To do. Exact copies of the lines below, from the one with "Hd wallpaper eyes" up to and including the one with "The Quiet Life The", are what this calls for; leave out pictures.
Start of Records for the task
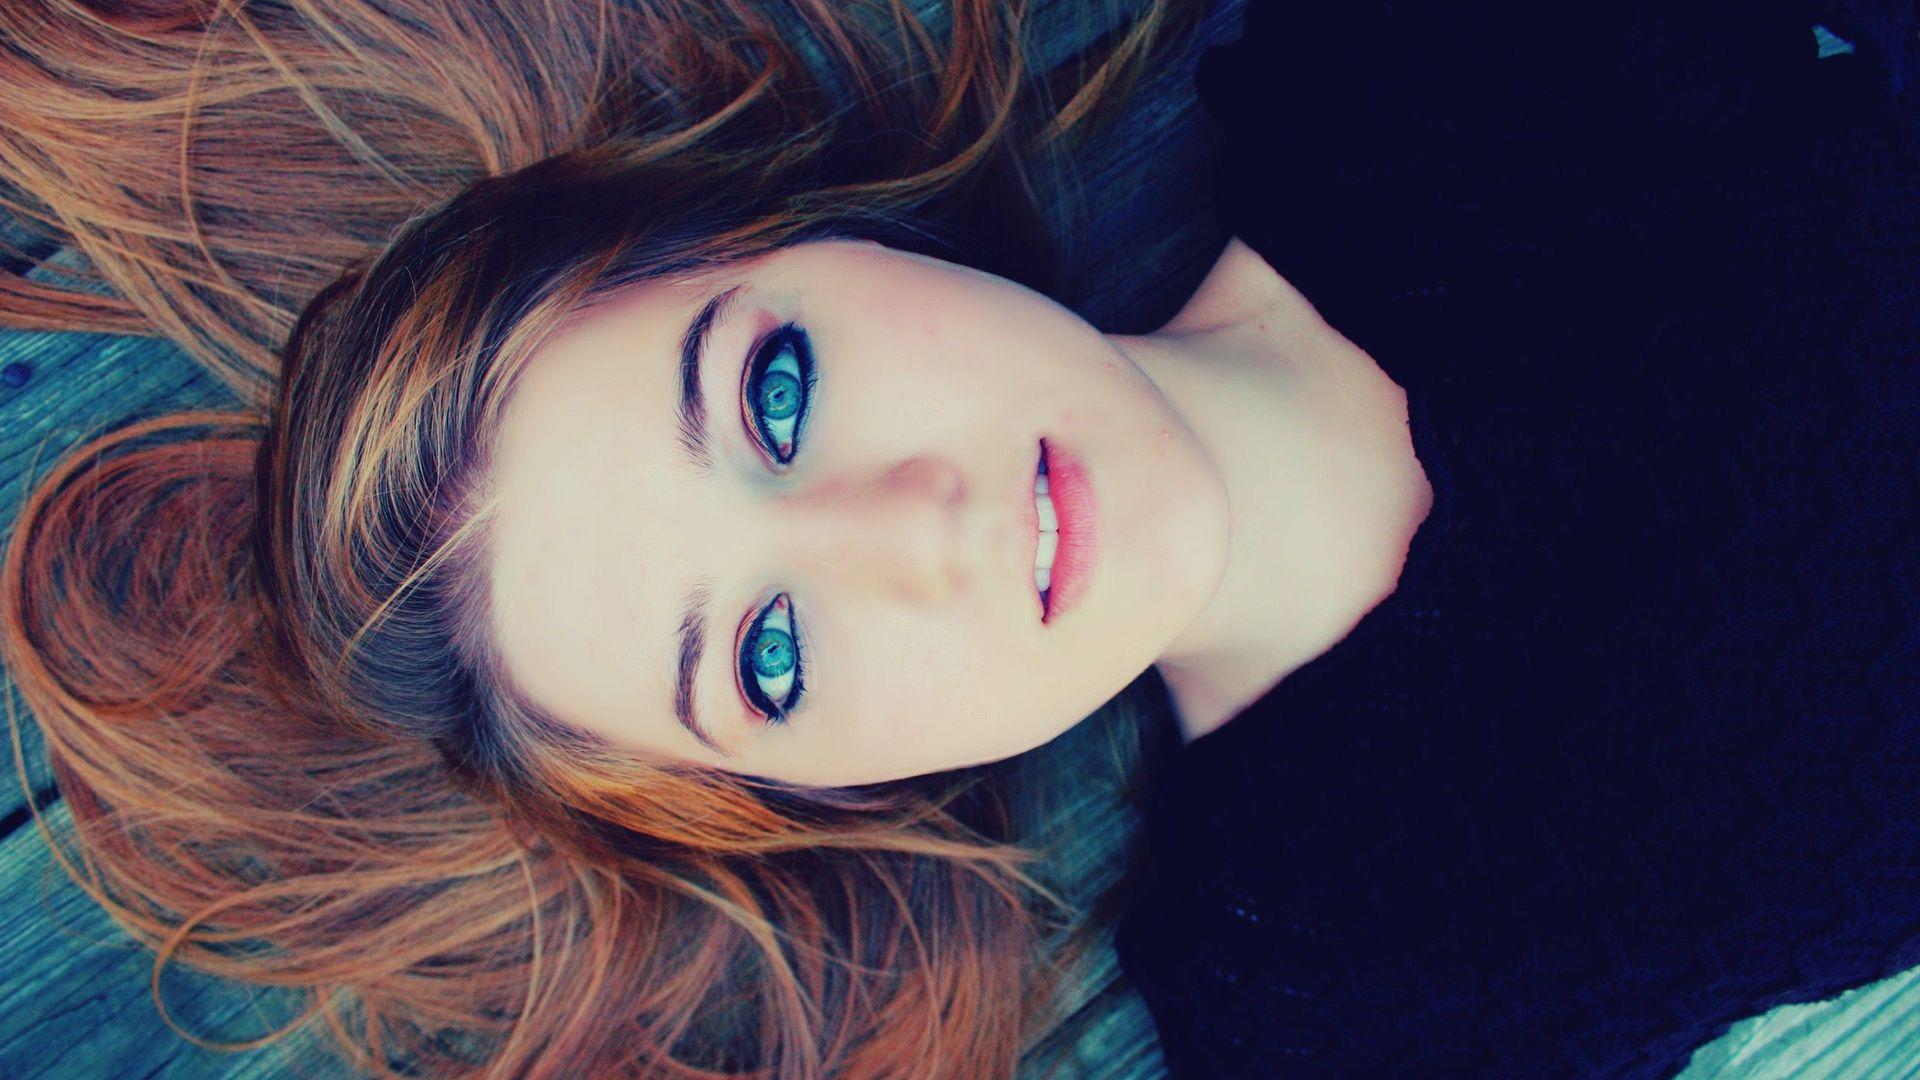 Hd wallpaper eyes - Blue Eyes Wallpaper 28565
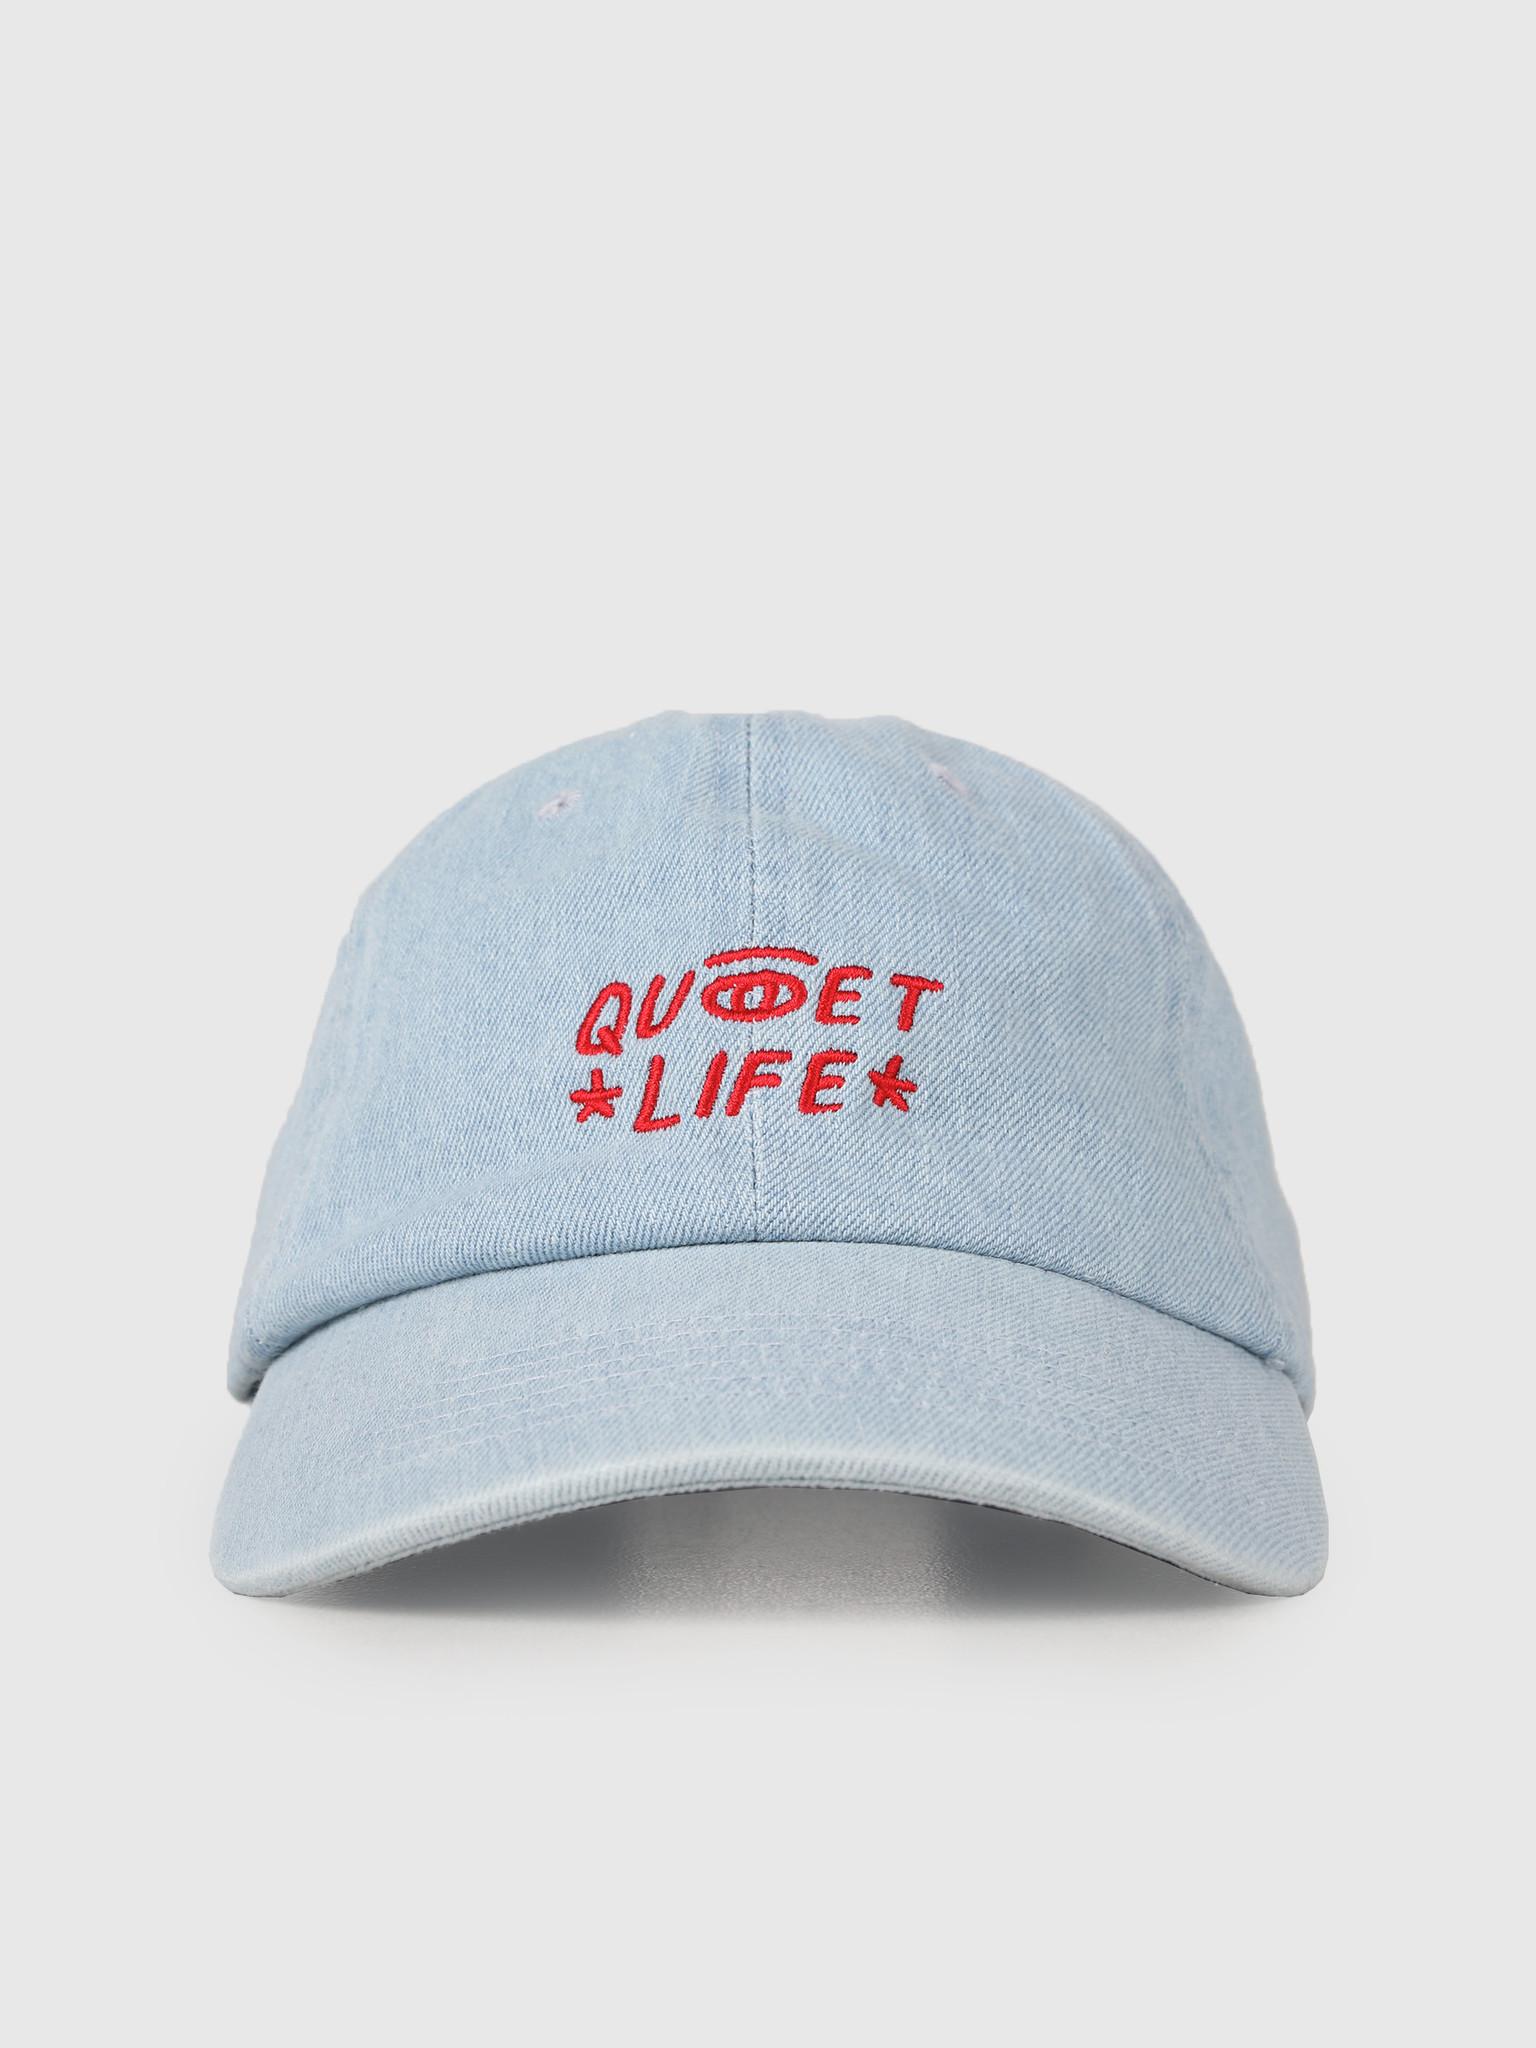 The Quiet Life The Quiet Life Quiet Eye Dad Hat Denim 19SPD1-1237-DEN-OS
End of Records for the task
Start of Records for the task
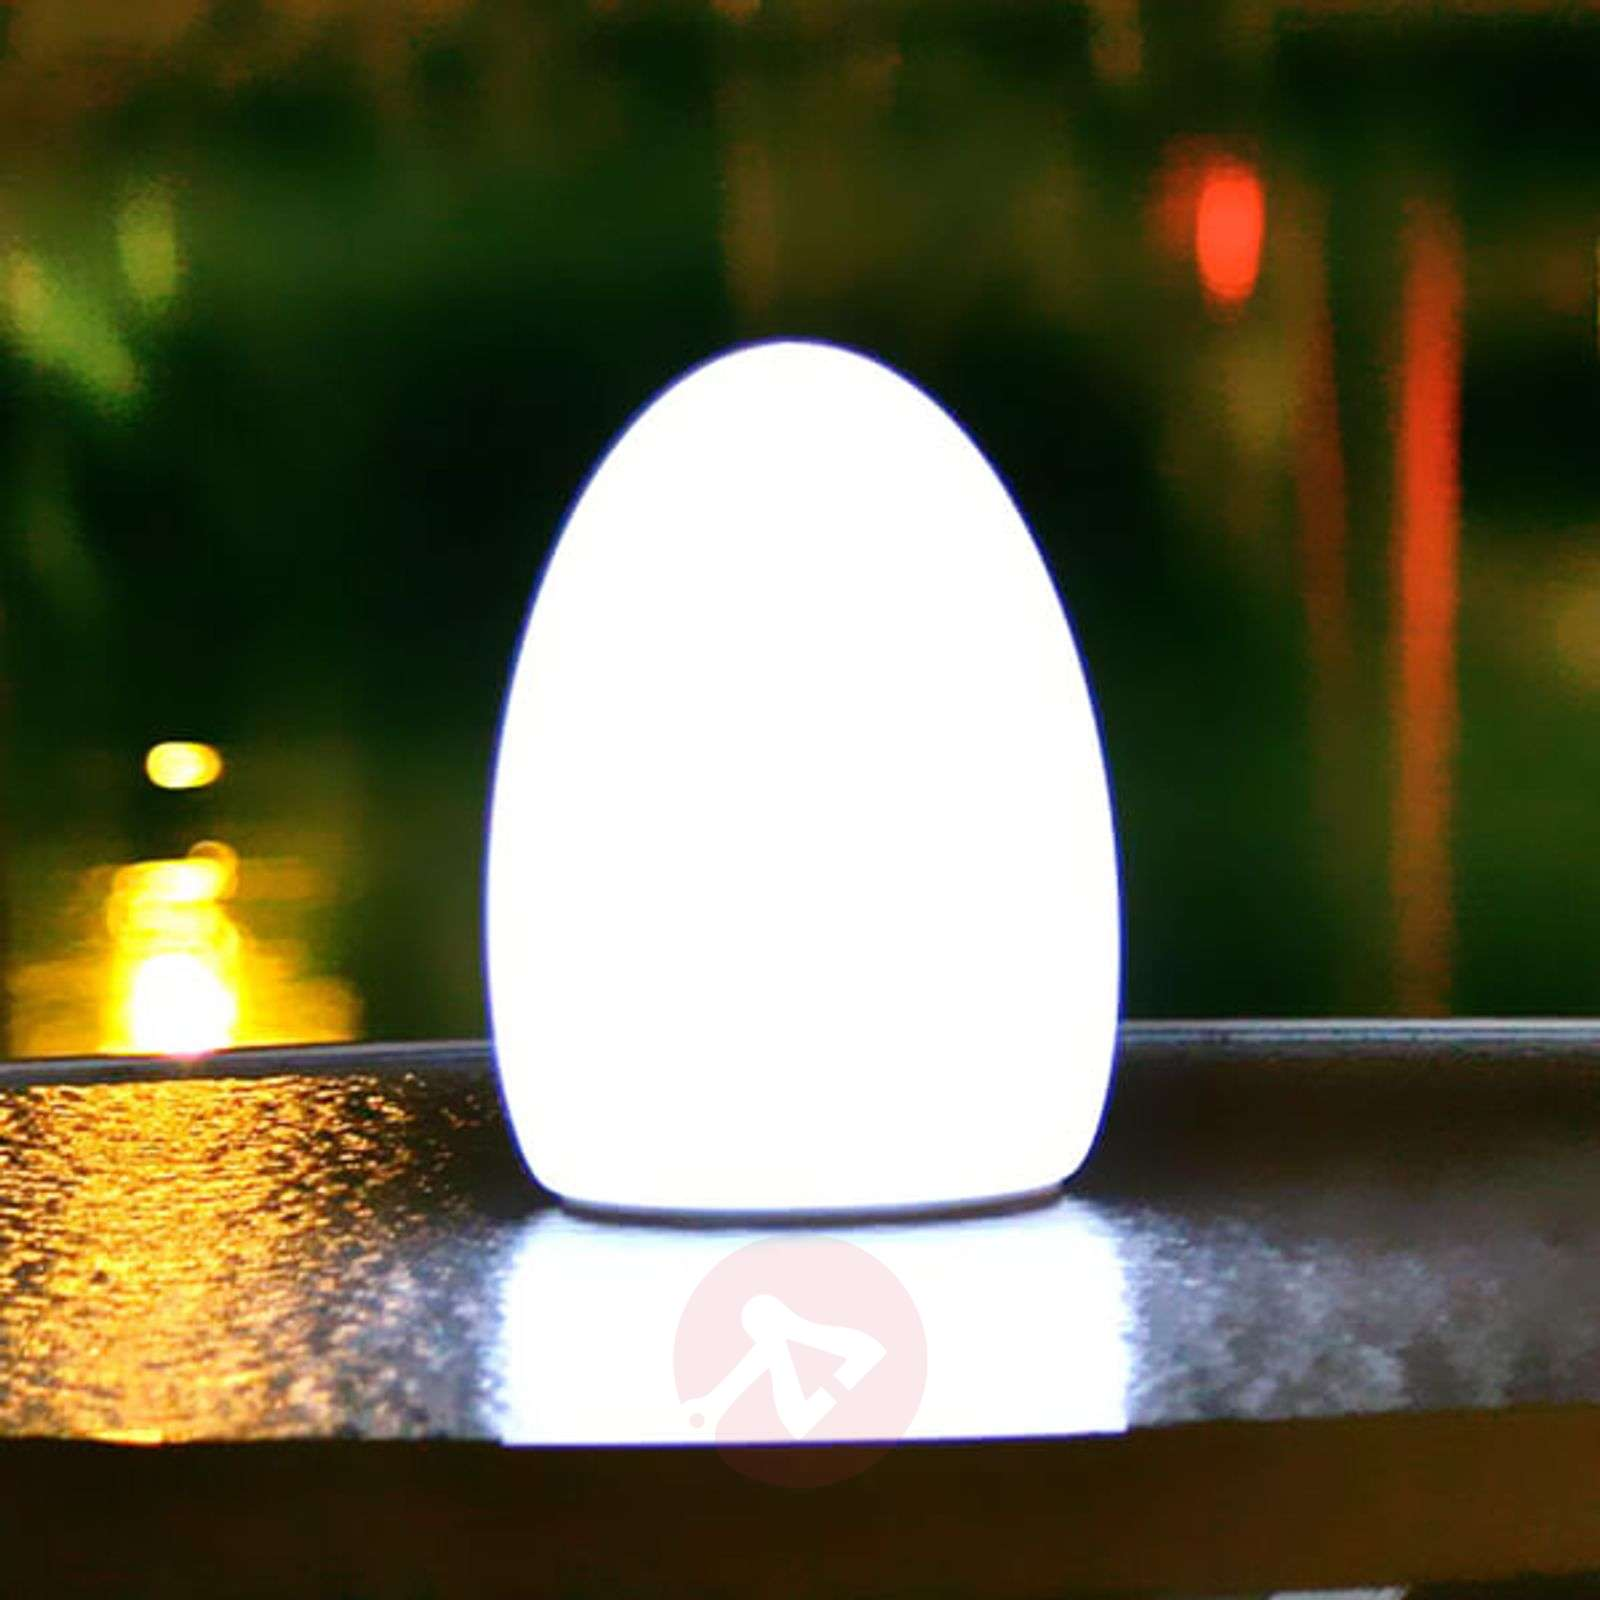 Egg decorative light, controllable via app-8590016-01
End of Records for the task
Problem solution.
 Hd wallpaper eyes - Blue Eyes Wallpaper 28565
 The Quiet Life The Quiet Life Quiet Eye Dad Hat Denim 19SPD1-1237-DEN-OS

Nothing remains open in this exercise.